This post was written by Urszula McCormack and Jack Nelson
On 24 January 2019, the Monetary Authority of Singapore (“MAS”) announced that it had issued a warning in connection with a proposed token sale that contravened the Securities and Futures Act (Cap. 298 of the Laws of Singapore) (“SFA”).
The case highlights the narrow interpretation of the Singapore accredited investor exemption for securities, and that even social media posts count as advertising. It is also a warning shot to advisors who are keen to help build their clients’ visibility.
In this post, we outline this regulatory action in light of the increasing global interest in security tokens. We explain why this case matters, and set out the preliminary questions that prospective issuers should have in mind.
What you need to know about the case
The MAS action relates to an unnamed issuer (reported in Singaporean media to be a Singaporean company) (“Issuer”) that sought to conduct a “global” token sale.
Based on what we know, this wasn’t exactly a “new kid on the block” (pardon the pun) or “clever developer with a Whitepaper” scenario.
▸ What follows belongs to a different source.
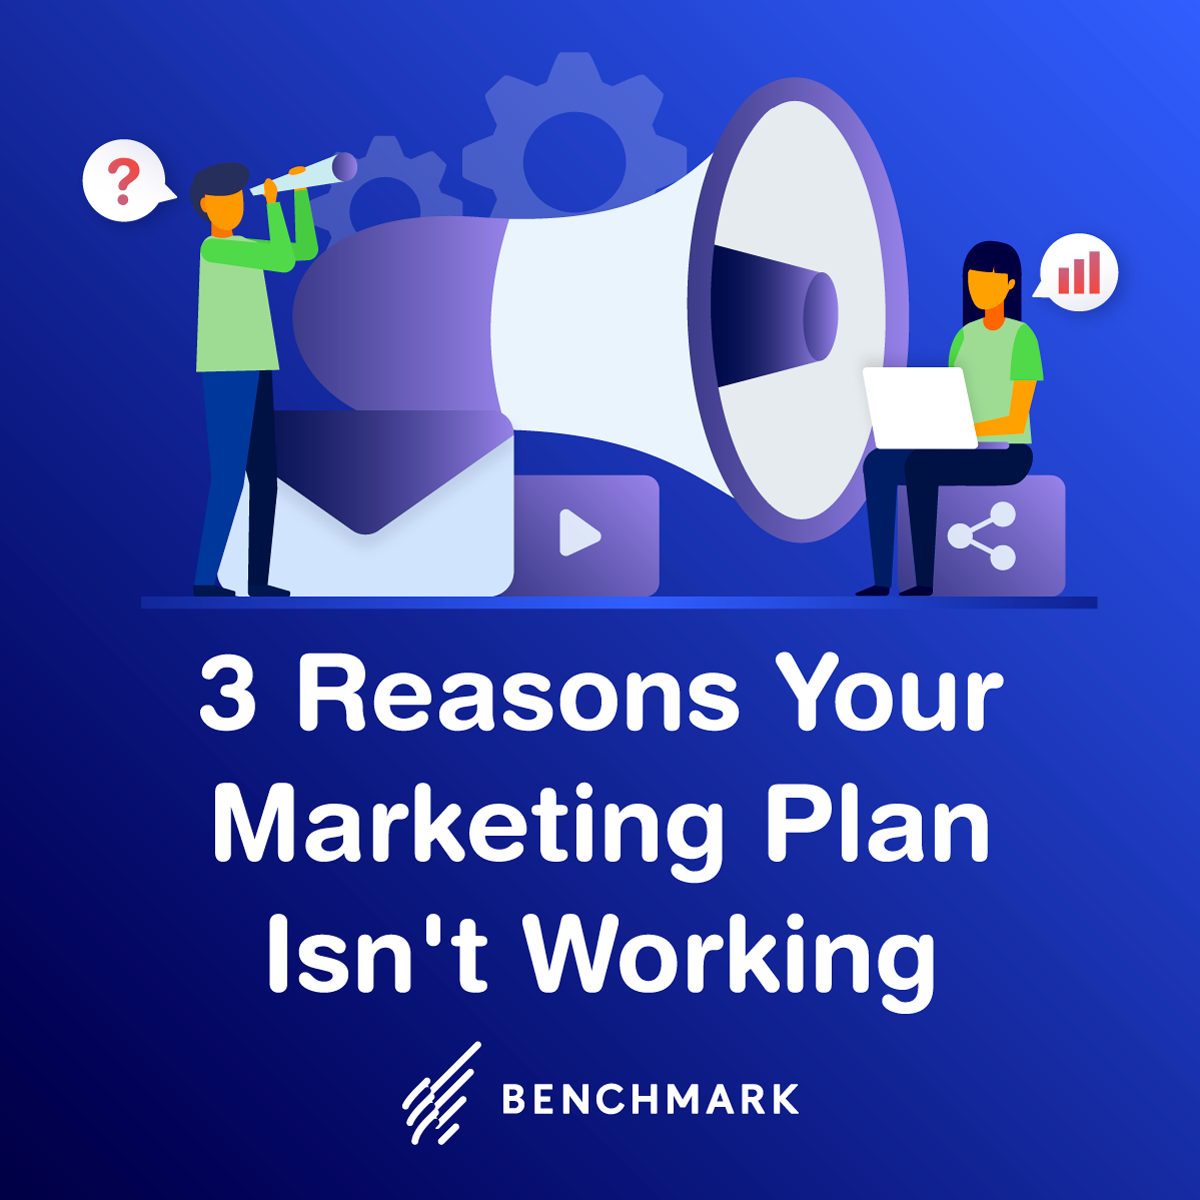 3 Reasons Your Marketing Plan Isn’t Working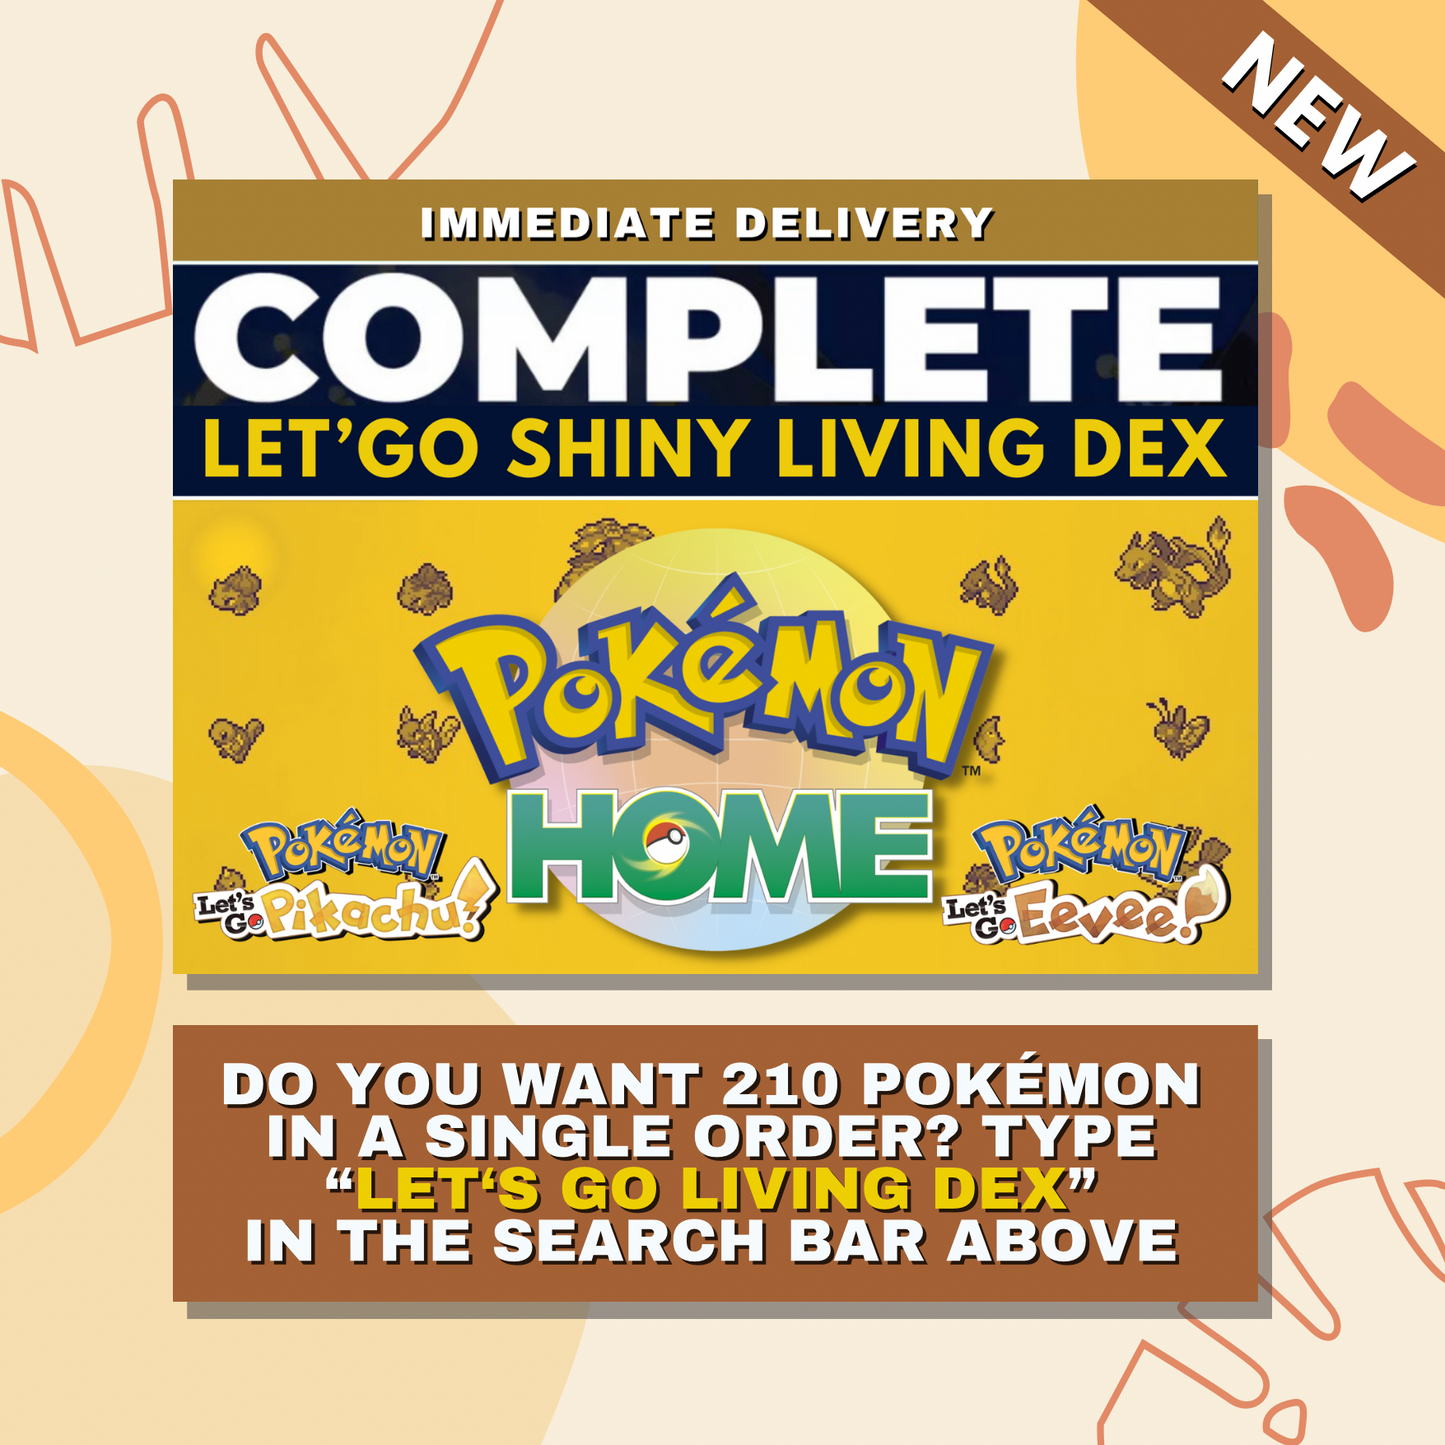 Marowak Shiny ✨ or Non Shiny Pokémon Let's Go Pikachu Eevee Level 100 Competitive Battle Ready 6 IV 100% Legit Legal Customizable Custom OT by Shiny Living Dex | Shiny Living Dex

The MAS announcement makes clear that the issuer was legally advised, and was aware that the tokens that they intended to issue would constitute “securities” for the purposes of the SFA.
As in many markets, offers of securities in Singapore are regulated. In particular, as the MAS explains, offers of securities in Singapore require registration of a prospectus with the MAS.
However, the Issuer had intended to rely on exemption to this prospectus requirement – namely, the exemption available under section 275(1) of the SFA (“Accredited Investor Exemption”). So far, this seems reasonable enough.
At a high level, the Accredited Investor Exemption provides that offers of securities that are:
- made to “accredited investors”; and
- “not accompanied by an advertisement making an offer or calling attention to the offer or intended offer”,
will be exempt from the prospectus requirement.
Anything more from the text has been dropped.